Would you transcribe the whole listing exactly, minus its pictures?

====== Dataset excerpt

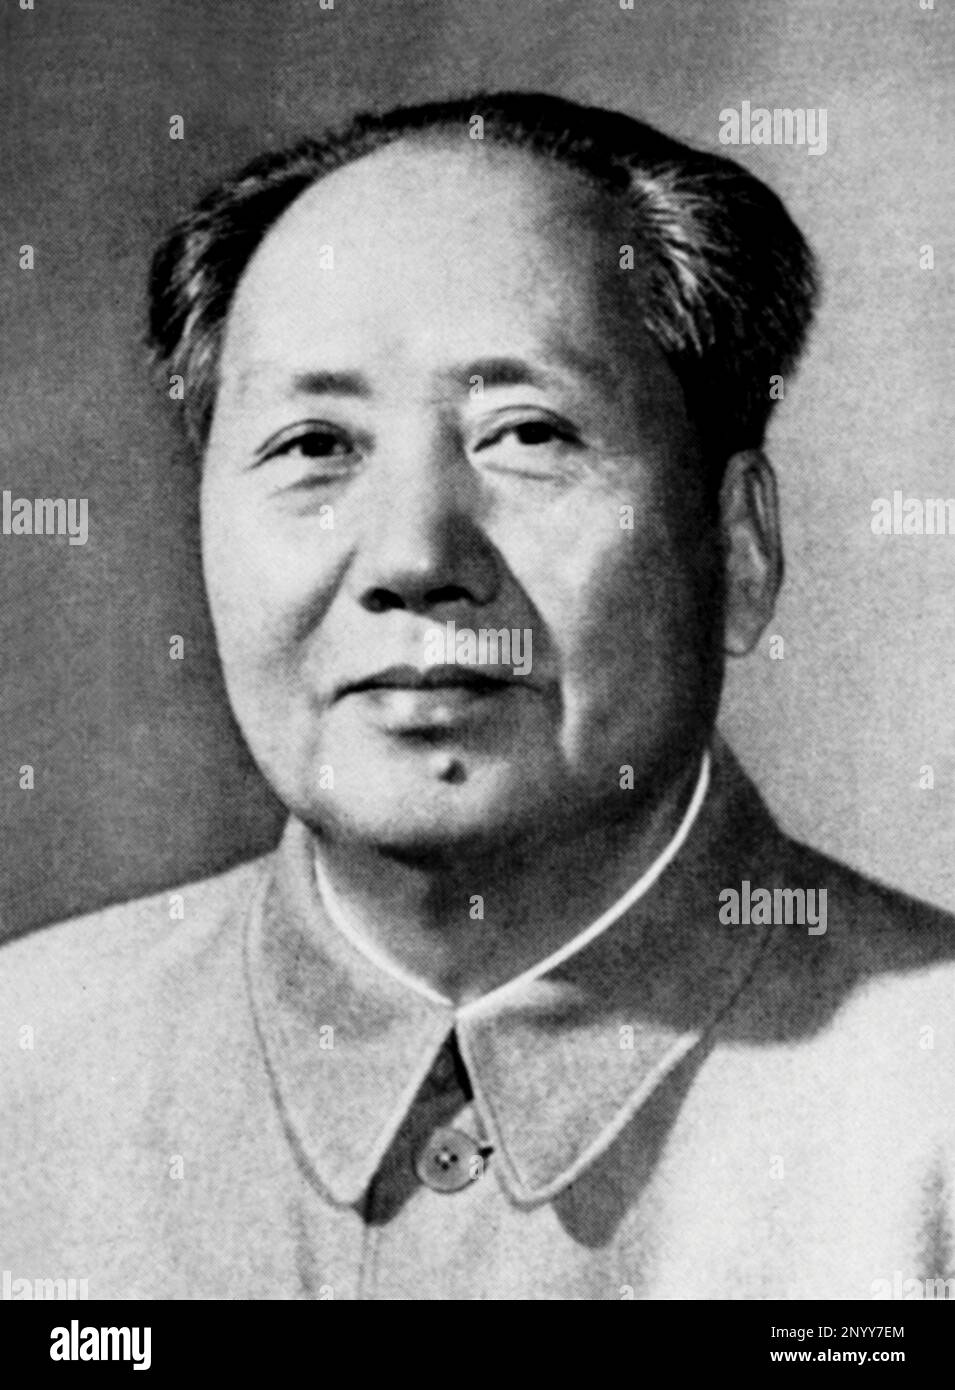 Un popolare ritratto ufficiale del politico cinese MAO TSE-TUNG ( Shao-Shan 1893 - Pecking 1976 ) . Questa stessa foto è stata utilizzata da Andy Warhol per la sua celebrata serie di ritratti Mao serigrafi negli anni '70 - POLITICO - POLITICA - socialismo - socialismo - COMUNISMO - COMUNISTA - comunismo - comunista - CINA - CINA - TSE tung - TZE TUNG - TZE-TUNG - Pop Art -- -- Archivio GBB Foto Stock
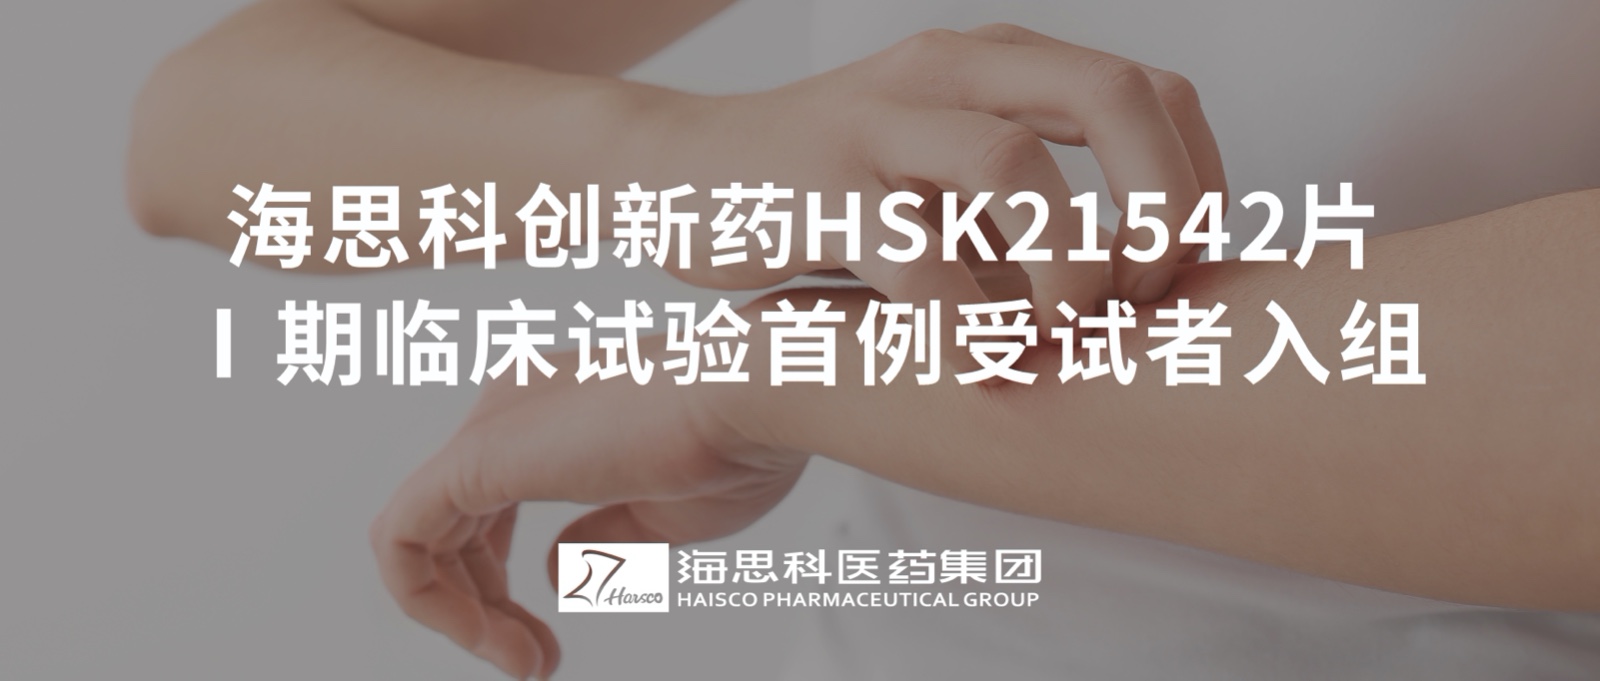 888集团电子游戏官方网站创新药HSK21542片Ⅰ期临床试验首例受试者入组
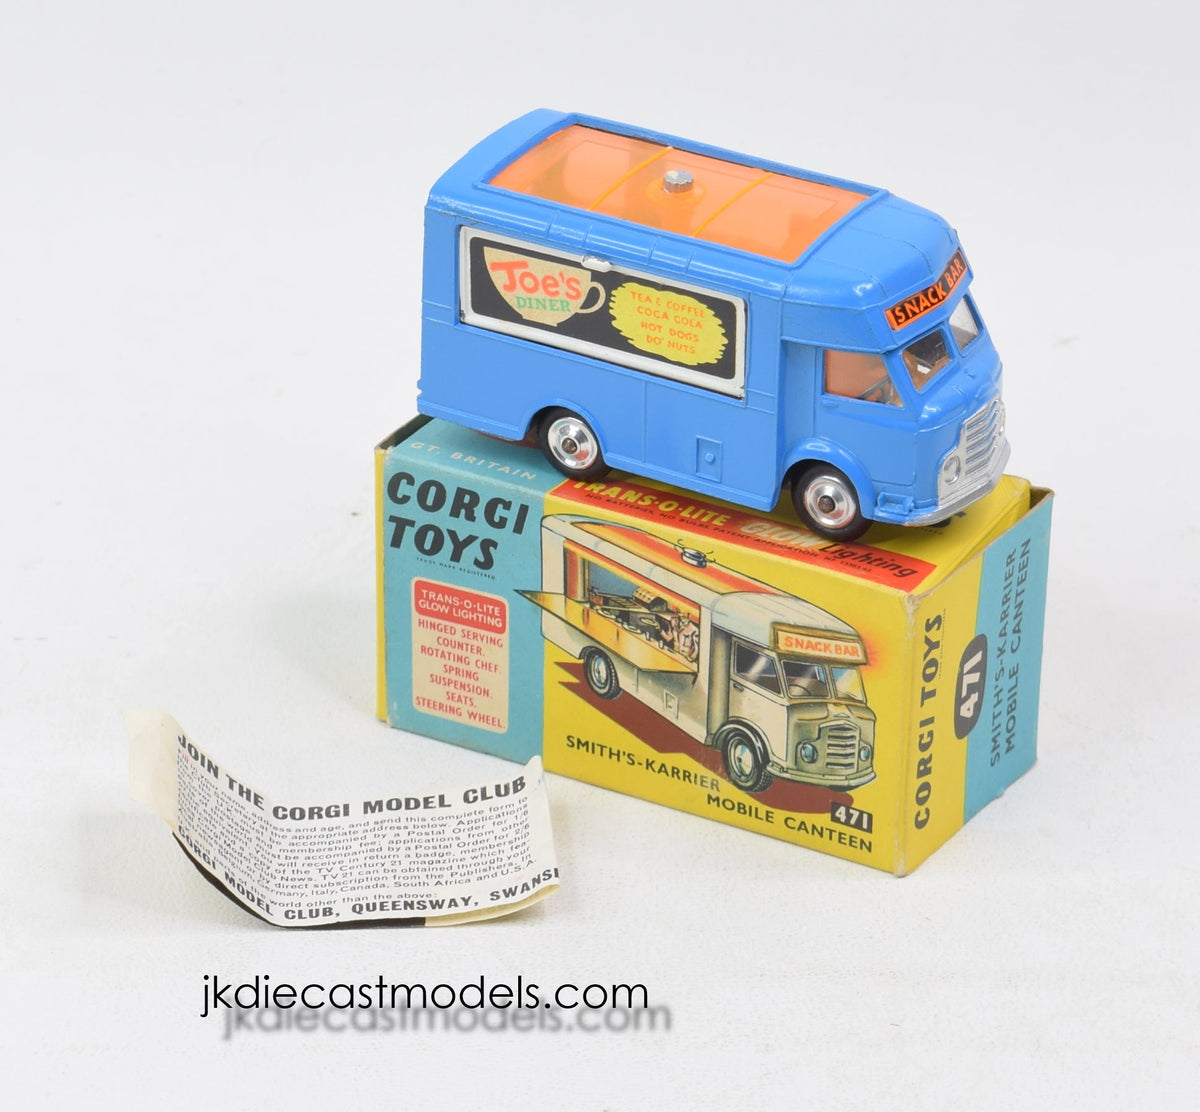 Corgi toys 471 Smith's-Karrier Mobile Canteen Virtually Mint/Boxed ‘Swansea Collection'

============

Expected output
 Un popolare ritratto ufficiale del politico cinese MAO TSE-TUNG ( Shao-Shan 1893 - Pecking 1976 ) . Questa stessa foto è stata utilizzata da Andy Warhol per la sua celebrata serie di ritratti Mao serigrafi negli anni '70 - POLITICO - POLITICA - socialismo - socialismo - COMUNISMO - COMUNISTA - comunismo - comunista - CINA - CINA - TSE tung - TZE TUNG - TZE-TUNG - Pop Art -- -- Archivio GBB Foto Stock
 888集团电子游戏官方网站创新药HSK21542片Ⅰ期临床试验首例受试者入组
 Corgi toys 471 Smith's-Karrier Mobile Canteen Virtually Mint/Boxed ‘Swansea Collection'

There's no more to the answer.